Population Distribution

Population Distribution MapPopulation Distribution
Since life in the galaxy does not exist aside from where humans put it, life is very much designed before The Plague. Species which were extinct are recreated, new transgenetic species are created, viruses which are deleterious to humans are eliminated, viruses are used to produce agelessness, bacteria are engineered to terraform planets, produce energy and fight cancer and the human genome is augmented to produce exceptional beauty, strength, intellect and longevity. Of course, there are a bunch of disasters which occur along the way due to this control.

But, because of this end of evolution and the age of designed life, the environments on planets are crafted to the desires of people and even a few millenia of wild growth have not erased that imprimatur.
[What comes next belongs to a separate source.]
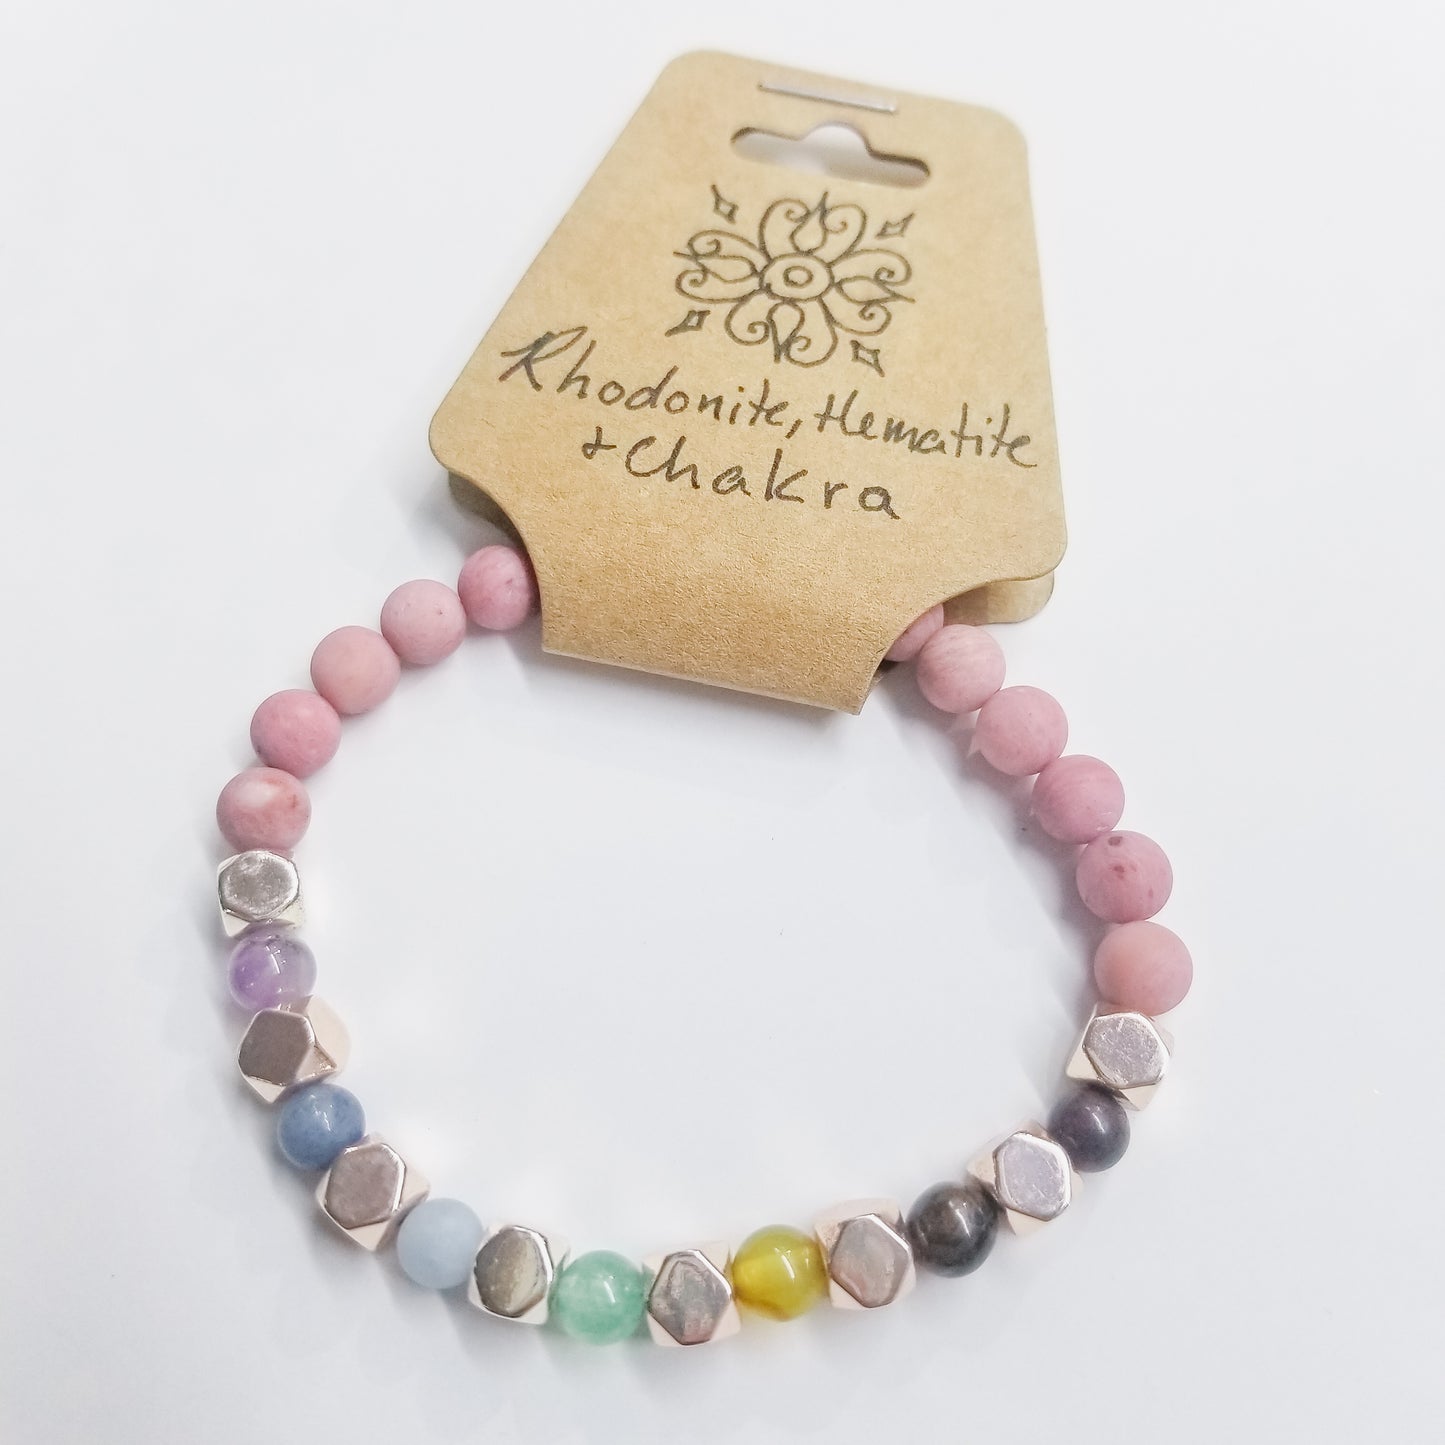 Rhodonite, Hematite & Chakra Crystal Bracelet

It is as if the habit on most planets exists for a purpose... even if that purpose no longer has any meaning.

The same can be true of the mechanical objects in the world, the stations and the cities. Everything that is not clearly cosmic has been placed there by humans and nearly all of it served a purpose only according to the logic of organization prior to the plague.

Fortunately, the logic of that organization is familiar to us. Aside from a few devastating events like the devastation of china and a number of disruptive technologies, the people prior to the plague are our descendants. They organize roughly the way we do today, into large corporate structures - nations, states, families, religions, businesses - and operate an economy of scale and specialization that creates astounding productivity.

The key in understanding the differences between them and us is to extrapolate the technology we develop and the implications of a hive mind that comes from increased telecommunications. But the social structures, political organization, division of wealth/power and the mindset that has emerged in which the individual has an increasing relationship with to the whole of humanity continues unabated through settlement of Orion's Arm prior to the plague.

What this means is that places will be settled based upon political motivations, but primarily based upon economic expediency. We will create far more infrastructure in our solar system than in any single other solar system simply because we need to do the former first, but also because it is easier to build out incrementally from what already exists. However, there will also be lots of experiments that are created in regions nearby Earth by people as they work out the process of settlement before people go too far away from civilization.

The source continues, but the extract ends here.